Mario Salas Camacho, era un conocido escritor y digo “era” porque no se


encontraba en su mejor momento. Llevaba una mala racha, atascado en el capítulo tres de
su libro “La herencia de los Mormones”, la presión de su editor y los dos años “sabáticos”
solo le habían enfadado más, no tardó en recibir un ultimátum.

Era un hombre delgado, más bien poca cosa, su piel era pálida y de brillo mortecino
y siempre vestía trajes que le quedaban holgados, como si un niño se hubiese puesto la ropa
de su padre. Sus cabellos eran castaños y carentes de brillo tan seco que parecían poder
absorber la humedad a su alrededor. Su mirada apagada, acompañada de unas enormes
bolsas bajo sus ojos, las cuales resaltaban su muerte en vida. Fumaba en una vieja pipa
desproporcionada en tamaño y casi caricaturesca.

Se encontraba de camino al hogar de su infancia, Dolmen, un pequeño pueblo del


sur de España al que el tiempo bien había olvidado tiempo atrás y no solo el tiempo, pues el
poco recordaba de su infancia. Sus padres eran reservados, tanto que a los 10 años lo
internaron para estudiar en el “San Saturnino de Cartago” en la ciudad de Tortosa.

Su padre trabajaba a diario encerrado en su despacho día sí y día también, su madre


le trataba como a un extraño desde que lo destetó y empezó a andar. Ni si quiera podía
tener acercamiento alguno a nadie del servicio, puesto que no duraban ni un mes en el
puesto. Esto hizo que durante su juventud fuese muy independiente y generó en él ciertas
carencias que reemplaza con su amiga la botella de anís.

Volviendo al motivo de su llegada a tan lúgubre lugar, su madre había fallecido hará
un mes, recibiendo como herencia la casa familiar. Era un día nublado, de hecho el cielo
parecía cerrarse cuanto más se acercaban al pueblo, como si el destino de aquellos que lo
habitan fuera vivir en la era más oscura de la humanidad.

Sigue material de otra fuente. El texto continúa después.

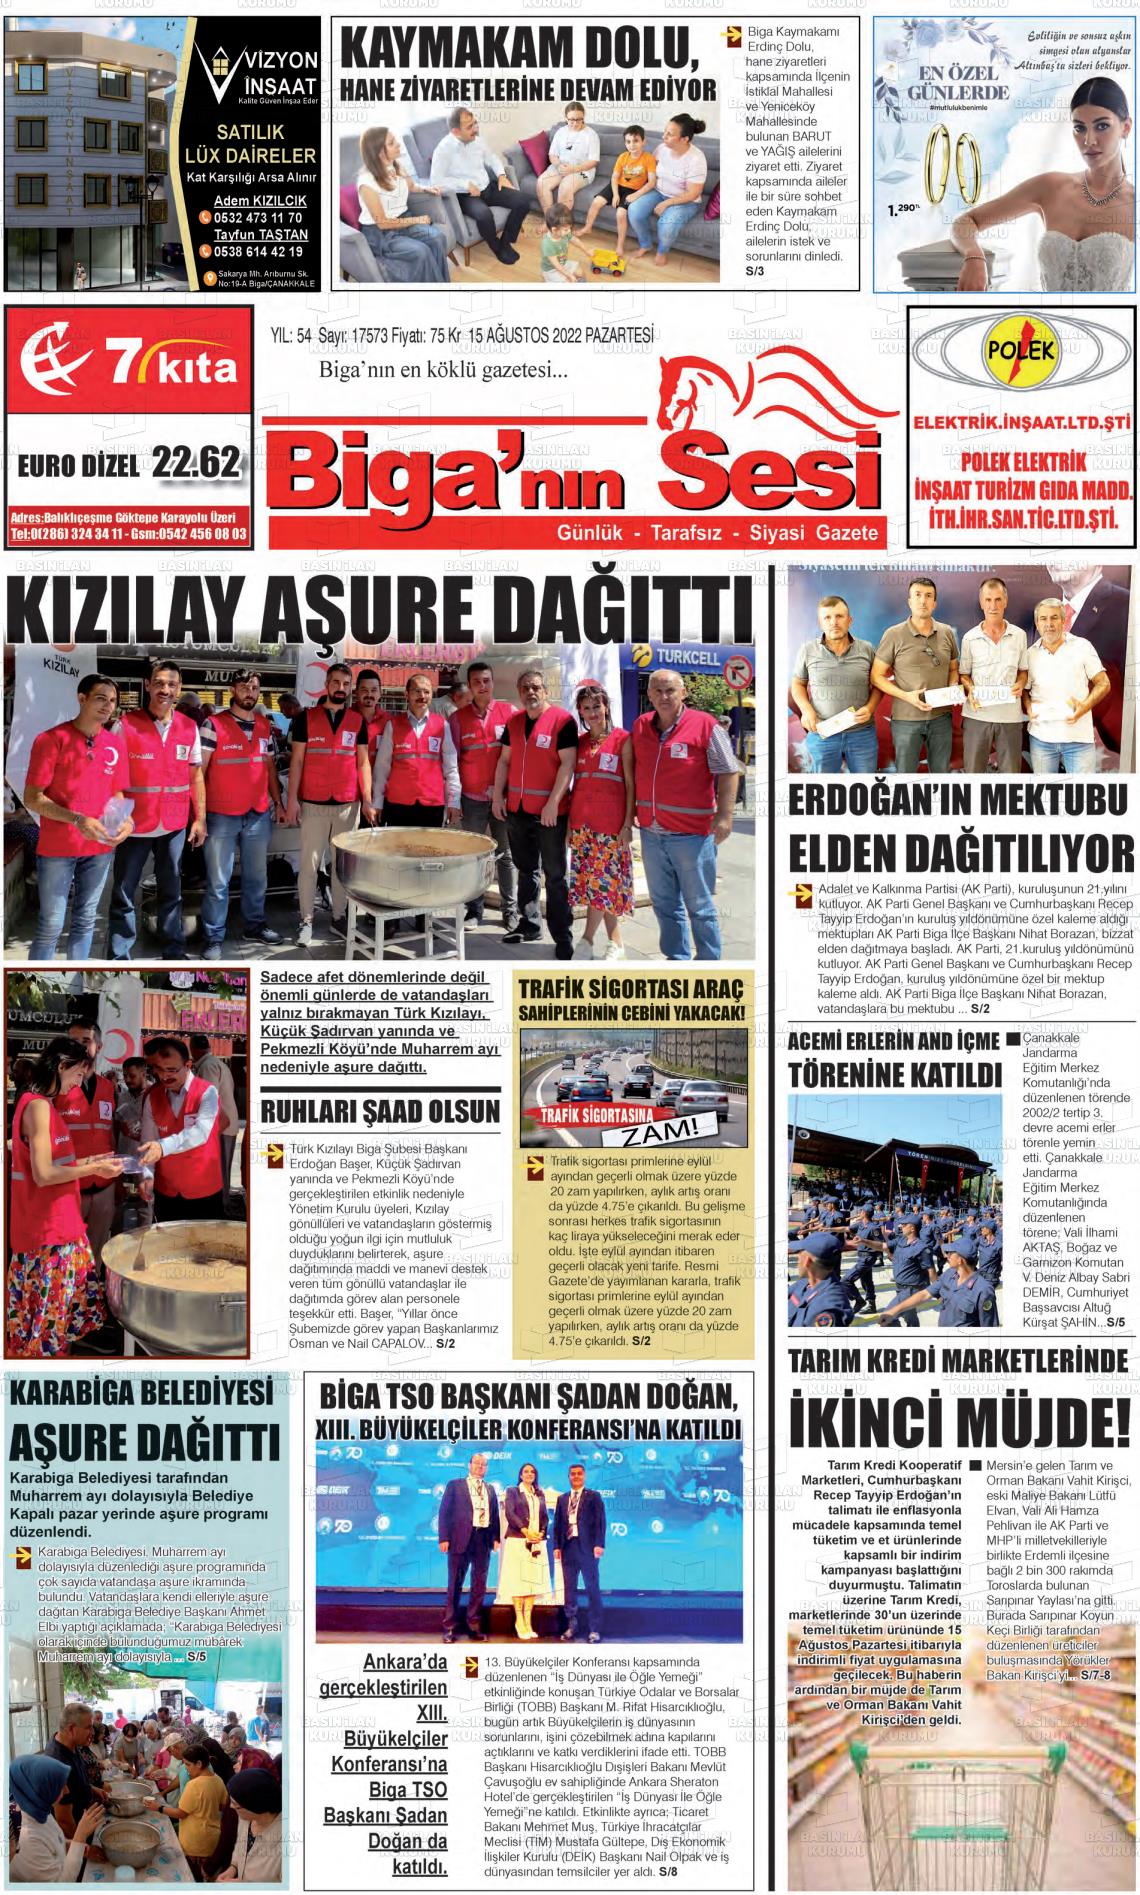 15 Ağustos 2022 Biga'nın Sesi Gazete Manşeti

El taxi no tardó en llegar a la entrada del pueblo, a un lado se pueden ver las ruinas
prehistóricas que daban nombre a la localidad, unos enormes dólmenes se alzaban a pie de
carretera y como el resto del lugar parecían olvidados por el paso del tiempo.

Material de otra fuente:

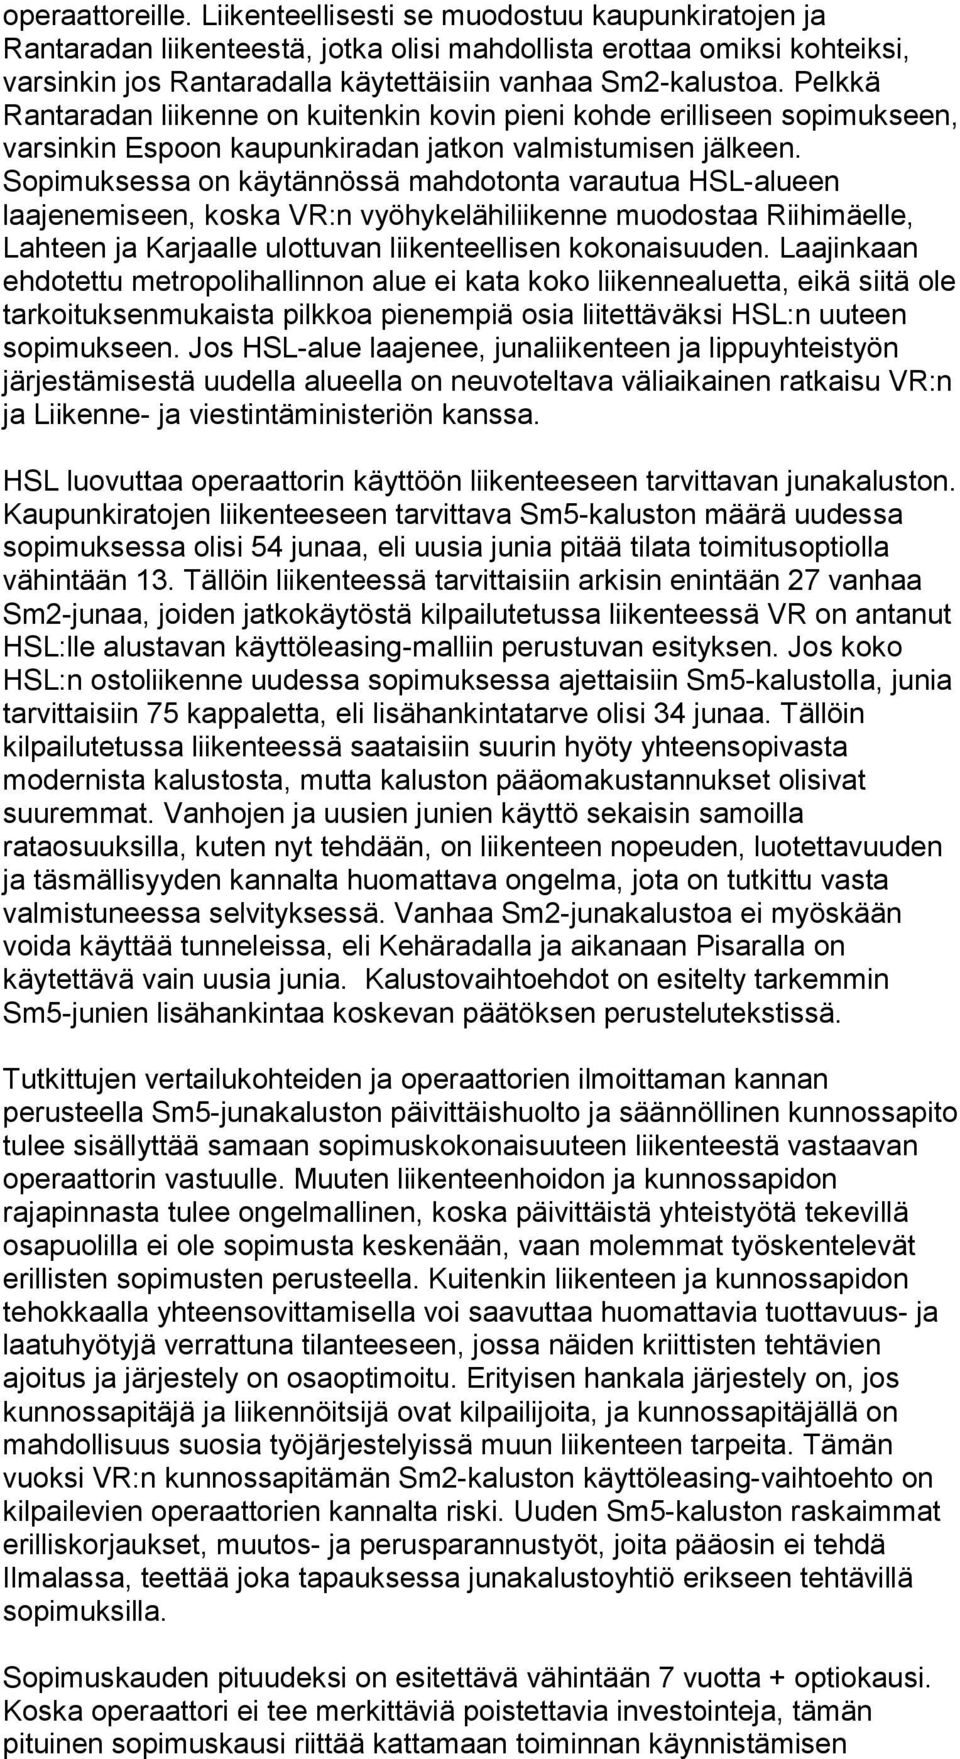 Pelkkä Rantaradan liikenne on kuitenkin kovin pieni kohde erilliseen sopimukseen, varsinkin Espoon kaupunkiradan jatkon valmistumisen jälkeen.

El conductor pregunta por la calle, haciendo que el lúgubre escritor se ponga


nervioso y busque rápidamente en sus papeles como si acabase de despertar de un trance y
tuviese que seguir con su vida sin momentos a frenar. “Calle caldero del Diablo”, le dice al
hombre, el cual solo ve como asiente con la cabeza a través del espejo retrovisor.
El lúgubre caserío asomaba al final de una de las más altas colinas del pueblo, el
suelo asfaltado pobremente sobre la vieja calzada hacia que el taxi retumbase durante todo
el trayecto. Era una pequeña casa, de no más de dos pisos, un enorme portón recibía a aquel
que lo visitase de una madera oscura, gruesa y envejecida con aspecto de sobrevivir a un
asedio o un desastre natural. Unas enormes aldabas de anillas de hierro fundido decoraban
y hacían la vez de timbre, estas colgaban de un siniestro diablo de acero negro el cual las
agarraba como si le perteneciesen y no pudieses robárselas.